I was in the same state in which petite mothers find themselves when they are able to lift six-hundred-pound gates off their trapped children, and I could have clasped him to a quick death.

"But now you are going to think about him. You're going to think of him every time you come into a gathering of people. You're going to think of him every time you see food. You're going to think of him every time you see or hear an airplane.
Swear it!
" I screamed, shaking him as a terrier shakes a rat, "Swear it!"

Had he not made some incomprehensible sounds that had the unmistakable quality of acquiescence, I would have killed him. I said, "Say, 'Robert, thank you for dying for me in your lousy B-25.'
Say it!
" And he did.

I let him go. As he stared ahead in shock, I picked up my knapsack and walked out into the arctic air, quivering and distraught that it had been Robert who went down instead of me, because in family gatherings, and on the pond, and during the few times that we had been together, I had known. I had known even then, although I didn't know how, that I was a survivor and that he was not. I had had the wit. I had had the fury. And I had had the luck.

I had been made that way, and he had been made gentler, somewhat awkward, and never as sure. But he was by far the better man, the quieter man, and he died in my place. The truth of it is that it should have been me, but there was never anything I could do about the truth.

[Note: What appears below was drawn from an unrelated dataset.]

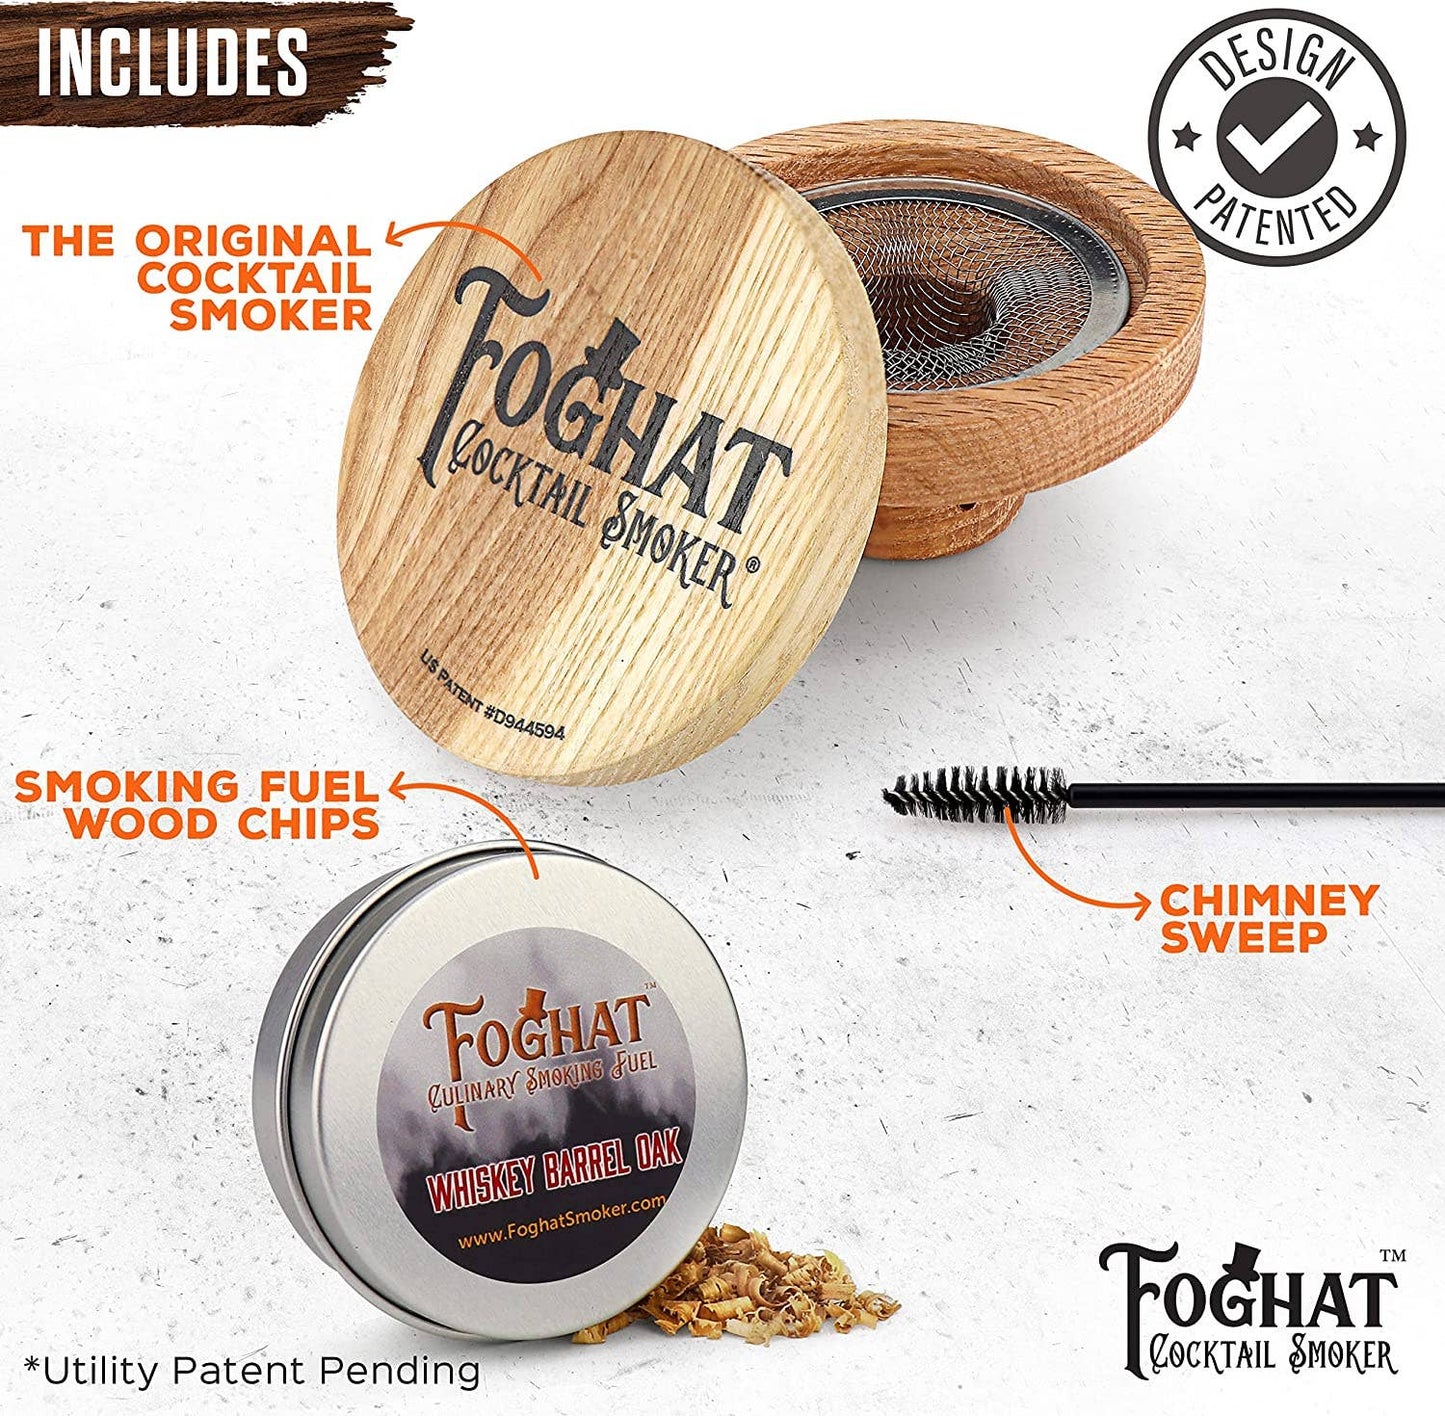 Foghat Cocktail Smoker™ Includes Chimney Sweep, The Original Smoker and Smoking Fuel Wood Chips

I often think of him. You see, the colors up there were different, and the air ... was different. Half the time you felt as if you were dreaming, and the forces that played upon you—the blinding light, the gravity in turning or diving, the great cold, the air too thin to breathe—were such that you were always near the gates of death, and it was easy, far too easy, to be taken. I have fallen through the sky, my arms pulled away from me by centrifugal force as I tumbled, a ball of orange fire and the crack of thunder following, the straps and buckles on my clothing whistling in the wind.

Though my actions at the conference would not affect my career (my reputation was already compromised), I felt vaguely unsettled about what I had done. Nonetheless, my indiscretion had served me well, for as I exited a dark stand of spruce onto the moonlit frozen road, I heard footsteps.

Constance emerged from the darkness, moving so beautifully that I was comforted, and when she reached me, I felt infatuation. Still, those were different times. I recall then a delicacy, a reticence that held her away from me for longer than we wished, and although I wanted at that moment to take her in my arms, this was something that would come later on. In the meantime, love was well forged in the discipline that kept us apart.

Though I was middle aged, our affair had the kind of otherworldly traction into which adolescents and young people slip so often, though my ability to maintain otherworldly traction had lessened markedly. As compensation, I found myself better able to appreciate the factual.

The process has continued until, at eighty, I am well content with the little things that I used to think were of little import. I can see more deeply now, and my satisfaction with less and less grows alarmingly, so that I fear it will not be so long until I reach the end of life, where I will have to be satisfied perfectly by absolutely nothing.

I remember Constance as if I were looking at photographs. I see her dancing, turning gracefully, and each progressive moment is frozen, with a click, as if with a camera. As she comes into the light it shines on her hair and in her eyes and in her smile. She is turning toward me, open, trusting, full of love. She is wearing a sequined top that reflects spears of light like a magical thistle. So it was.